Abdallah Saleh's taste for whiskey
I need to read Wikileaks more often:
Pointing to the ROYG's problems in combating rampant drug and arms smuggling, Saleh told General Petraeus that U.S. maritime security assistance was insufficient to cover Yemen's nearly 2,000 km of coastline. "Why not have Italy, Germany, Holland, Japan, Saudi, and the UAE each provide two patrol boats?" Saleh suggested. The General told Saleh that two fully-equipped 87-foot patrol boats destined for the Yemeni Coast Guard were under construction and would arrive in Yemen within a year. Saleh singled out smuggling from Djibouti as particularly troublesome, claiming that the ROYG had recently intercepted four containers of Djibouti-origin TNT. "Tell (Djiboutian President) Ismail Guelleh that I don't care if he smuggles whiskey into Yemen -- provided it's good whiskey but not drugs or weapons," Saleh joked. Saleh said that smugglers of all stripes are bribing both Saudi and Yemeni border officials.
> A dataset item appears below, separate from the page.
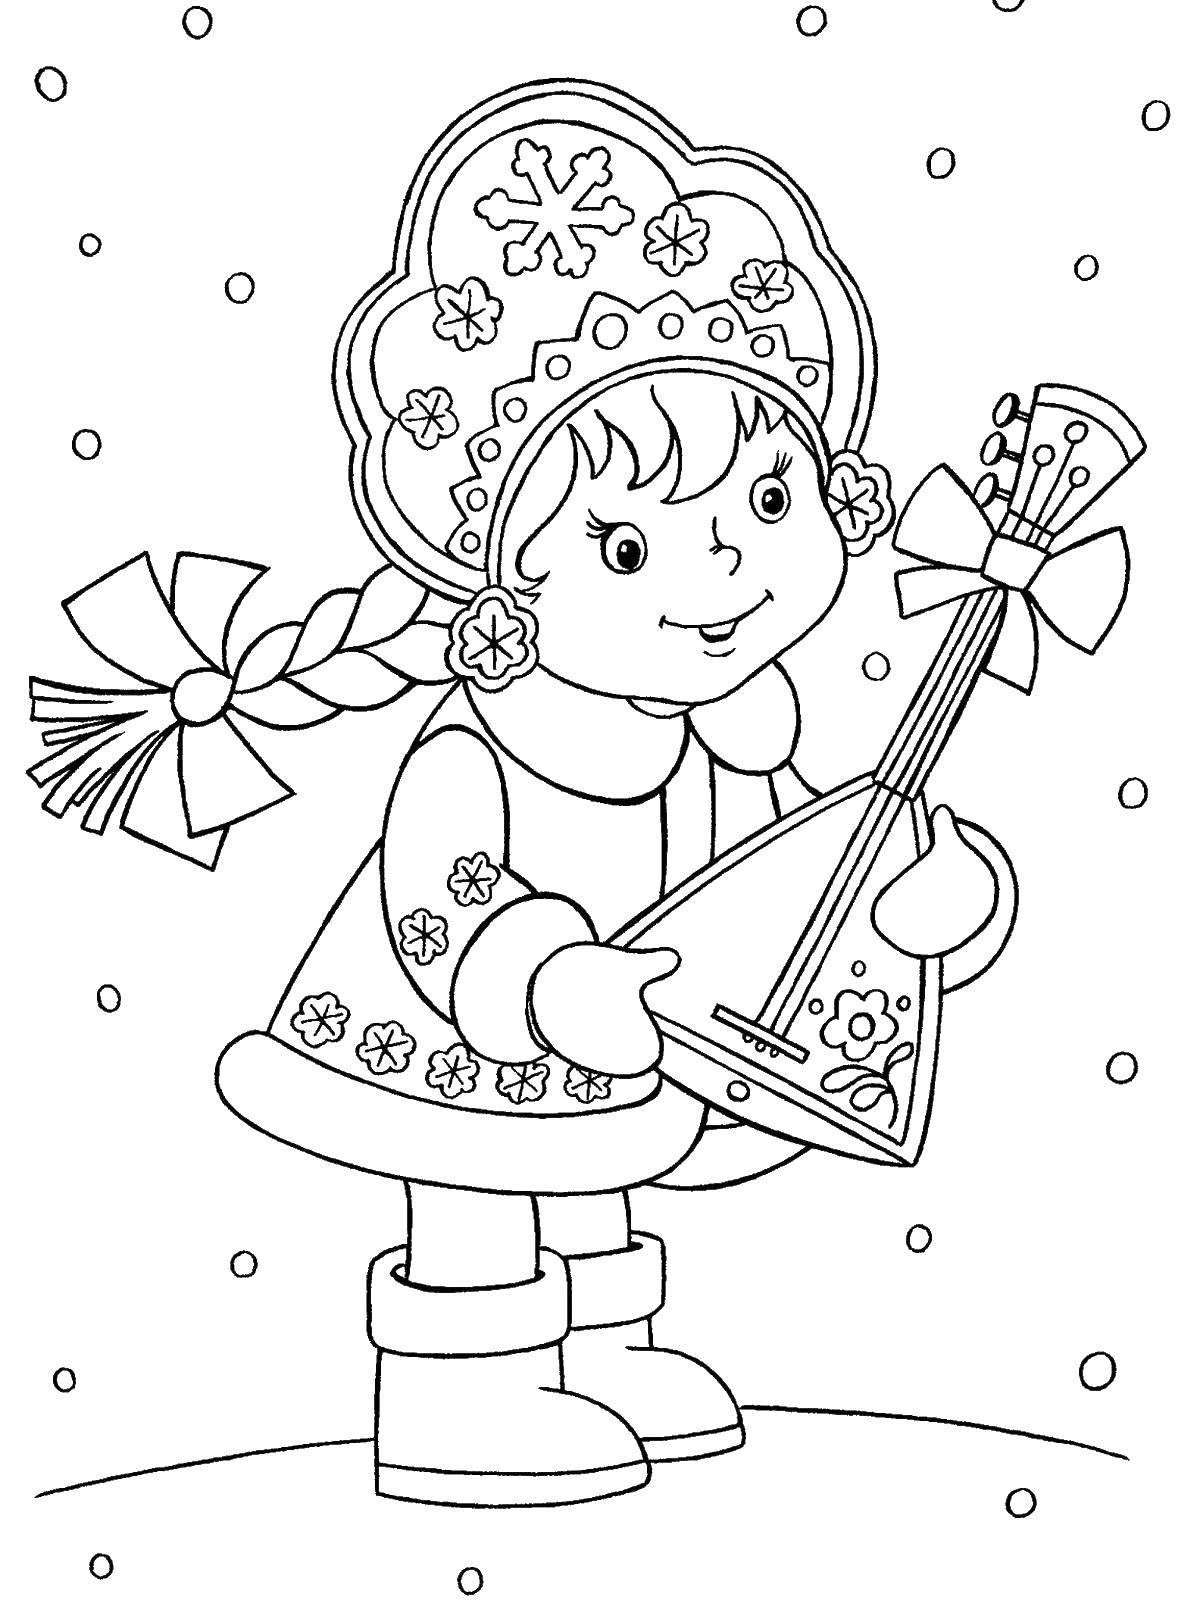 Название: Раскраска Снегурочка сбалалаикой. Категория: раскраски для девочек. Теги: балалайка, снегурочка.

Same cable contains a passage where Saleh is confused about what the US is bombing in his country exactly, and this gem:
Raising a topic that he would manage to insert into almost every item of discussion during the hour and half-long meeting, Saleh requested that the U.S. provide the ROYG with 12 armed helicopters. Possessing such helicopters would allow the ROYG to take the lead in future CT operations, "ease" the use of fighter jets and cruise missiles against terrorist targets, and allow Yemeni Special Operations Forces to capture terrorist suspects and identify victims following strikes, according to Saleh. The U.S. could convince Saudi Arabia and the UAE to supply six helicopters each if the American "bureaucracy" prevented quick approval, Saleh suggested. The General responded that he had already considered the ROYG's request for helicopters and was in discussions with Saudi Arabia on the matter. "We won't use the helicopters in Sa'ada, I promise. Only against al-Qaeda," Saleh told General Petraeus.
Sa'ada, of course, is a northern rebellious province where the government has nearly lost control.